La famille est le cœur battant de notre société. Mais ce cœur bat à un rythme inégal, parfois brisé par des dispositions de l’actuelle Moudawana qui discriminent, des pratiques qui marginalisent et des croyances anachroniques.
Parmi les propositions de changement dévoilées, certaines insufflent un espoir timide. Permettre aux mères divorcées de continuer d’assurer la garde de leurs enfants après un remariage est une mesure bienvenue, car elle met enfin l’intérêt des enfants avant les jugements sur la vie privée des femmes. Protéger le domicile conjugal pour l’époux survivant, souvent une veuve, est une avancée importante pour garantir un minimum de stabilité et de sécurité.
Mais ces améliorations, bien que signifiantes, ne sont que la surface d’une réforme qui doit être beaucoup plus profonde et beaucoup plus juste. Car, derrière chaque ligne de la Moudawana actuelle, des vies sont impactées, des rêves sont brisés, des droits sont bafoués.

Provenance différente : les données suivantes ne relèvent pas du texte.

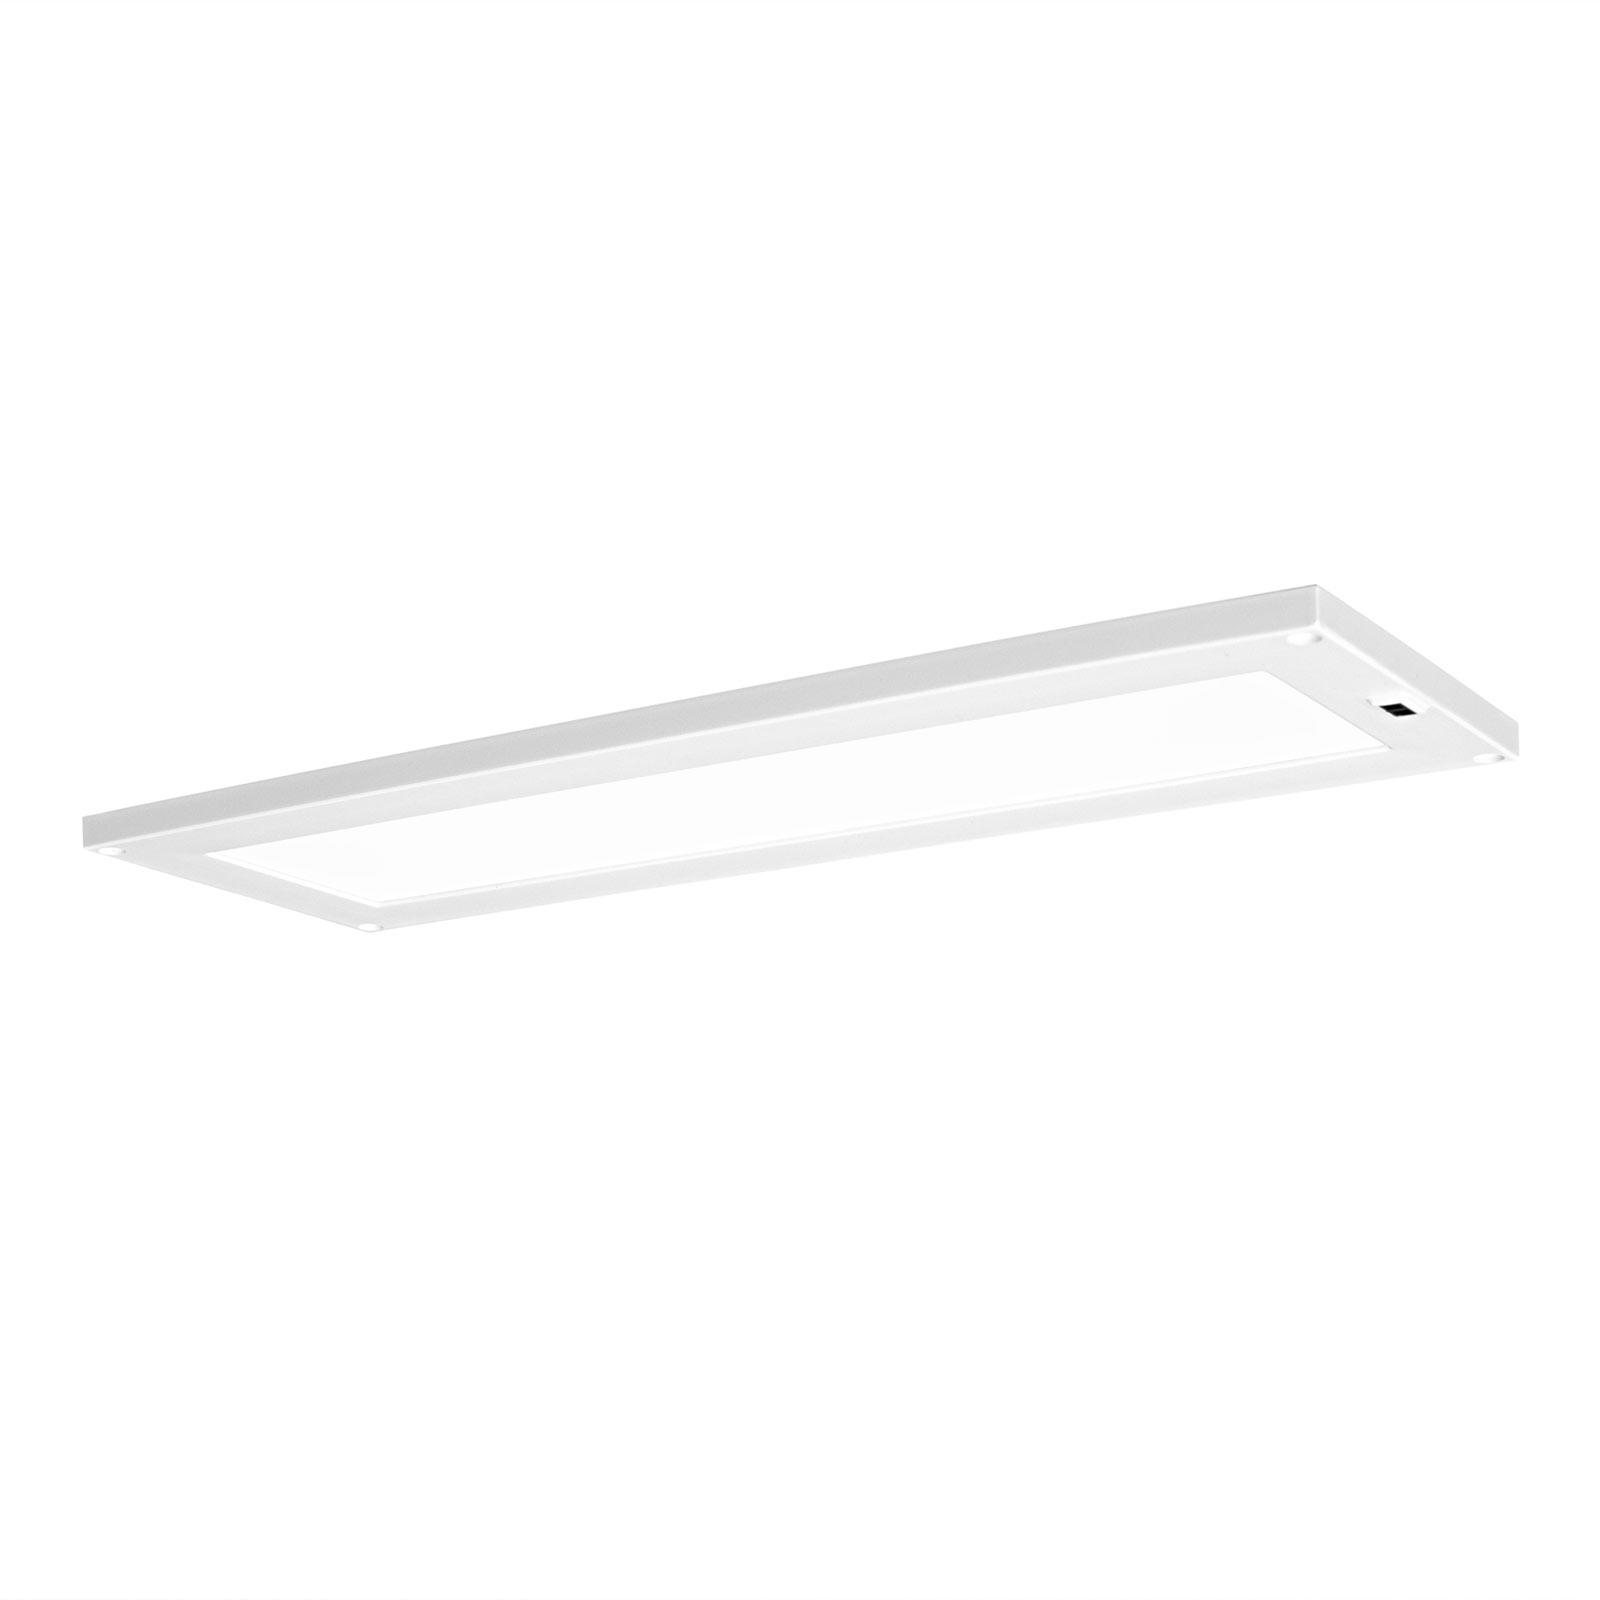 LEDVANCE Cabinet Panel underskabslampe 30x10 cm

Les enfants nés hors mariage n’ont rien choisi, mais on leur refuse encore une reconnaissance pleine et entière. Le refus d’autoriser les tests ADN pour établir la paternité biologique les condamne à une invisibilité juridique et sociale. Ces enfants, tout comme leurs mères souvent abandonnées, sont traités comme des citoyens de seconde classe dans un pays qui proclame pourtant l’égalité et la dignité pour tous.

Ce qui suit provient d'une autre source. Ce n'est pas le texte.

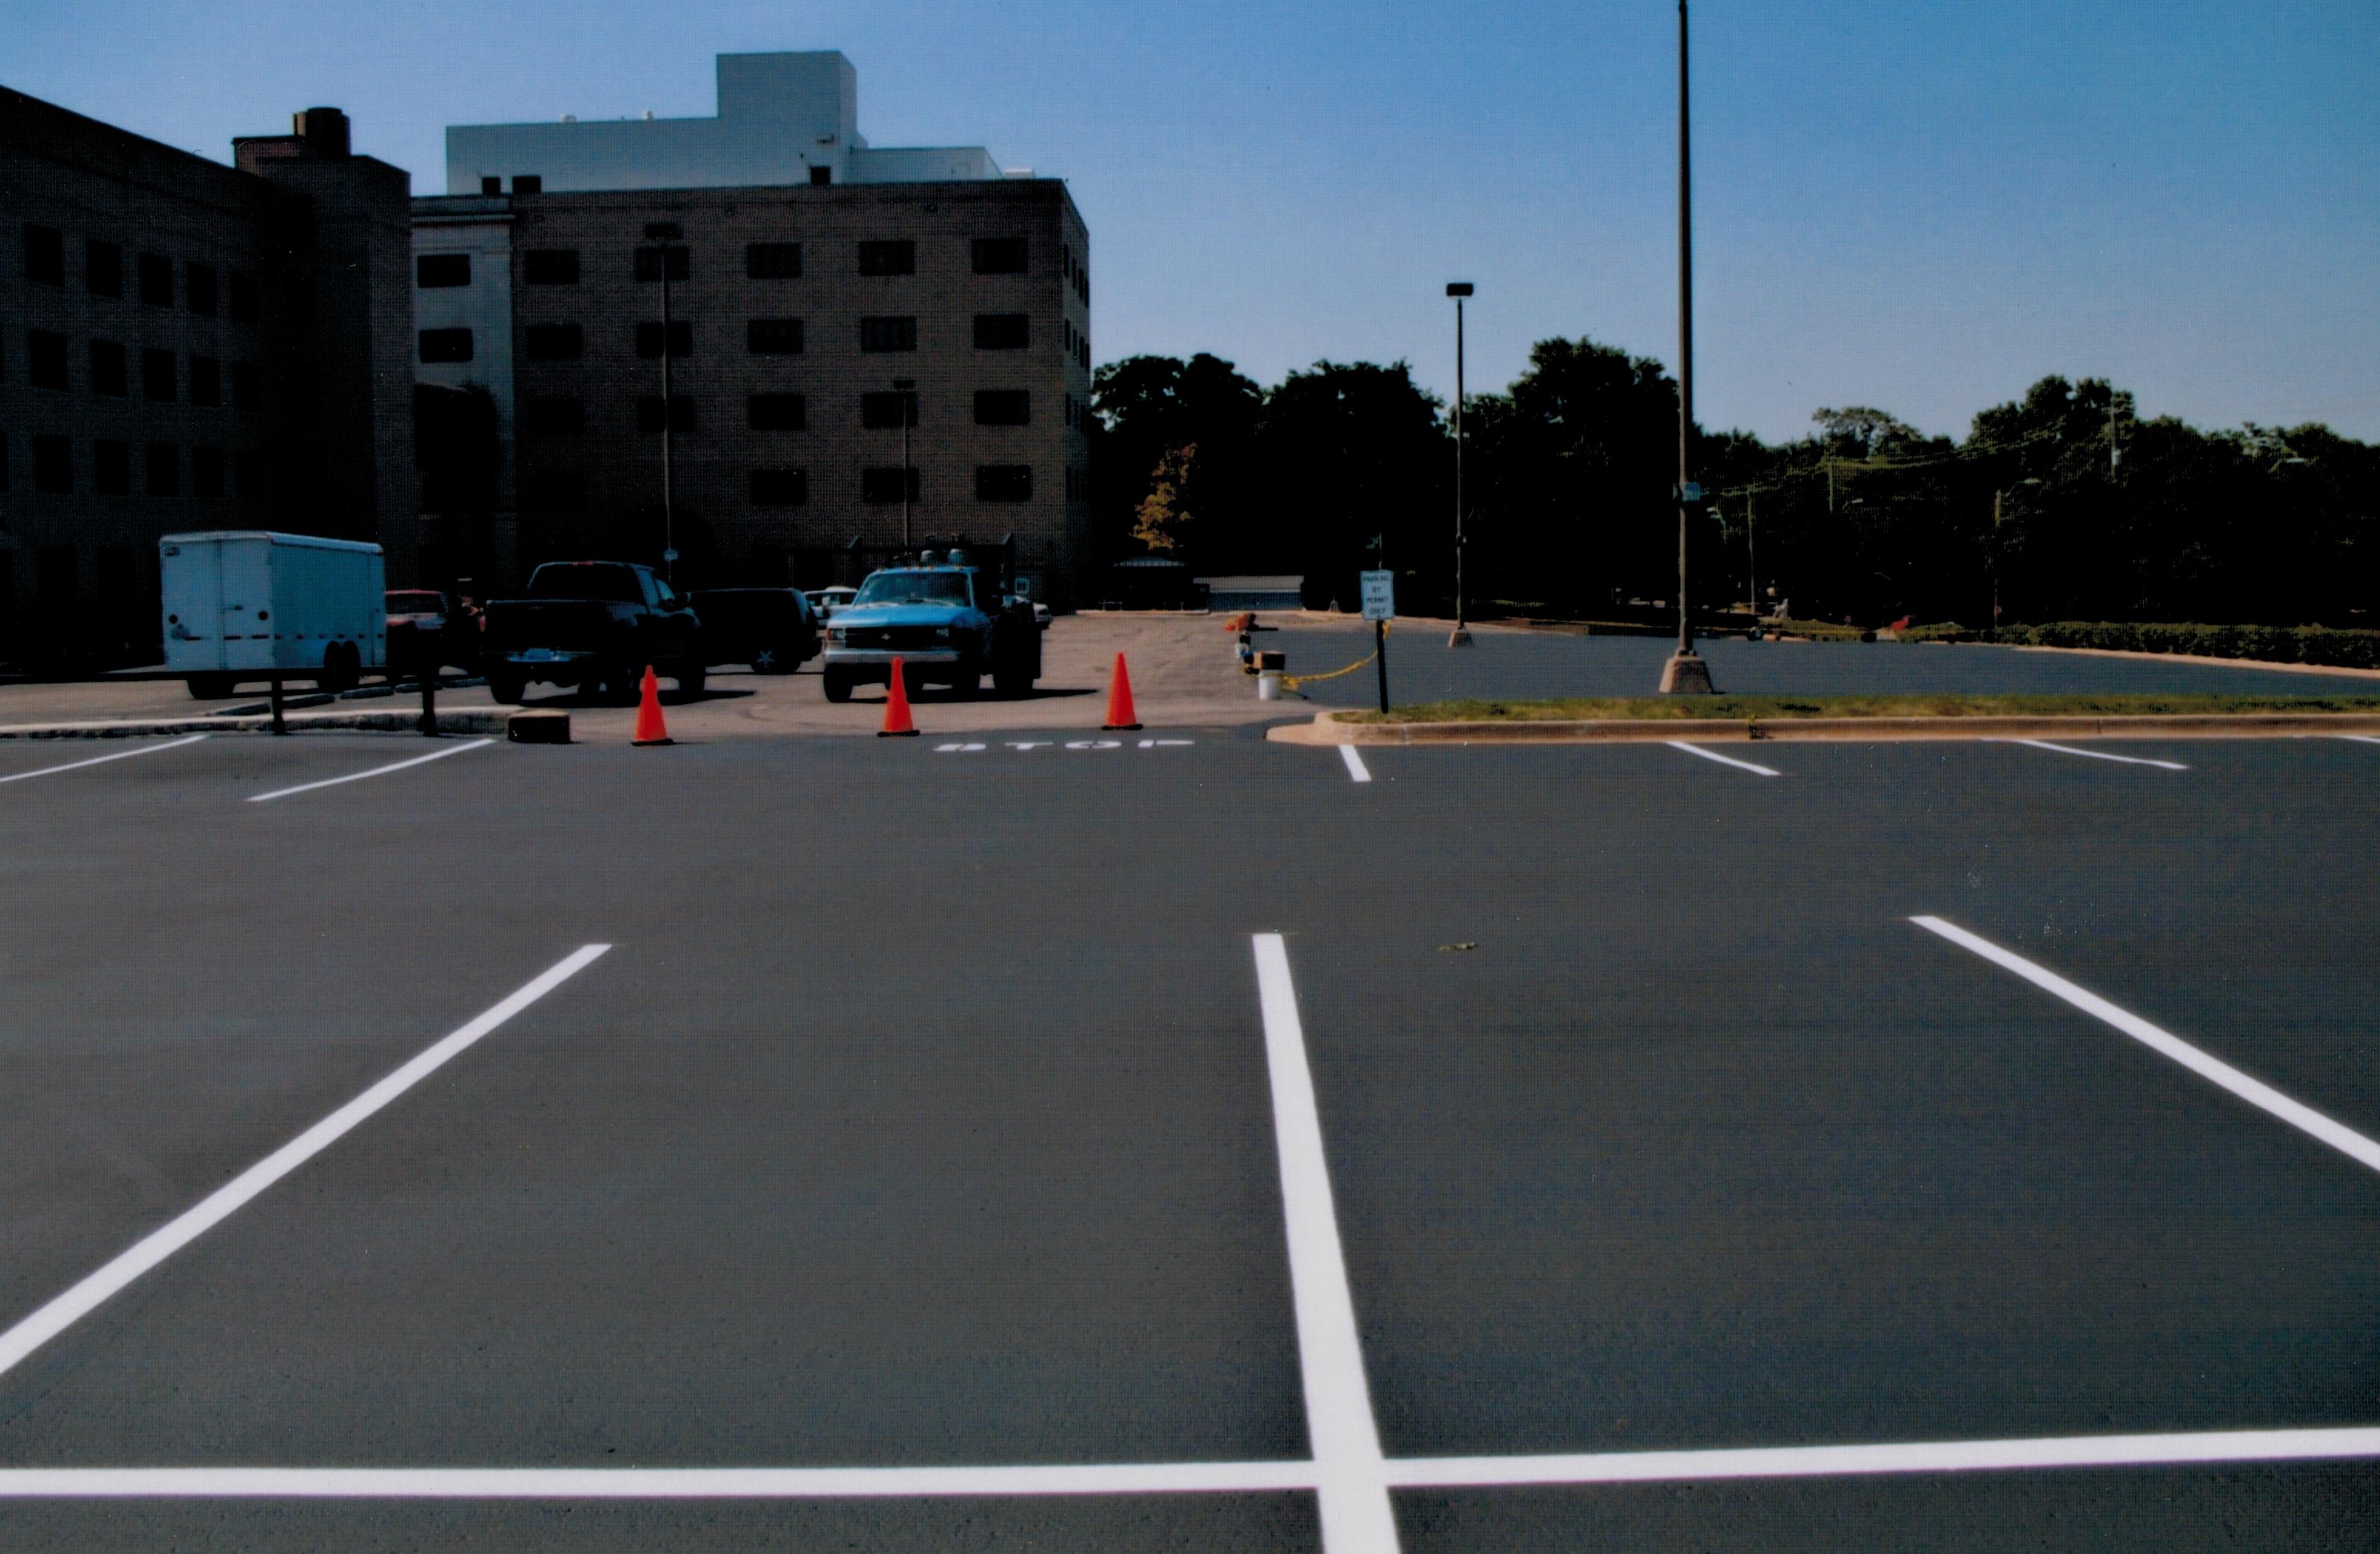 parking-lot01232012_0000

La règle, fondée sur des jurisprudences datant d’une ère où les tests ADN (ni même l’électricité) n’existaient pas, selon laquelle les enfants nés hors mariage n’ont aucun droit à l’égard de leurs pères biologique (nom de famille, pension, héritage…) a des conséquences insensées et désastreuses, tant documentées par le travail extraordinaire de feue Madame Aicha Echchenna sur les mères célibataires. Tout ce travail n’a visiblement pas trouvé grâce aux yeux des Oulémas qui expriment ainsi leur volonté de continuer de considérer les enfants nés hors mariage comme des marginaux.
Nous affirmons que les mères célibataires et leurs enfants sont des citoyen.ne.s marocain.e.s à part entière !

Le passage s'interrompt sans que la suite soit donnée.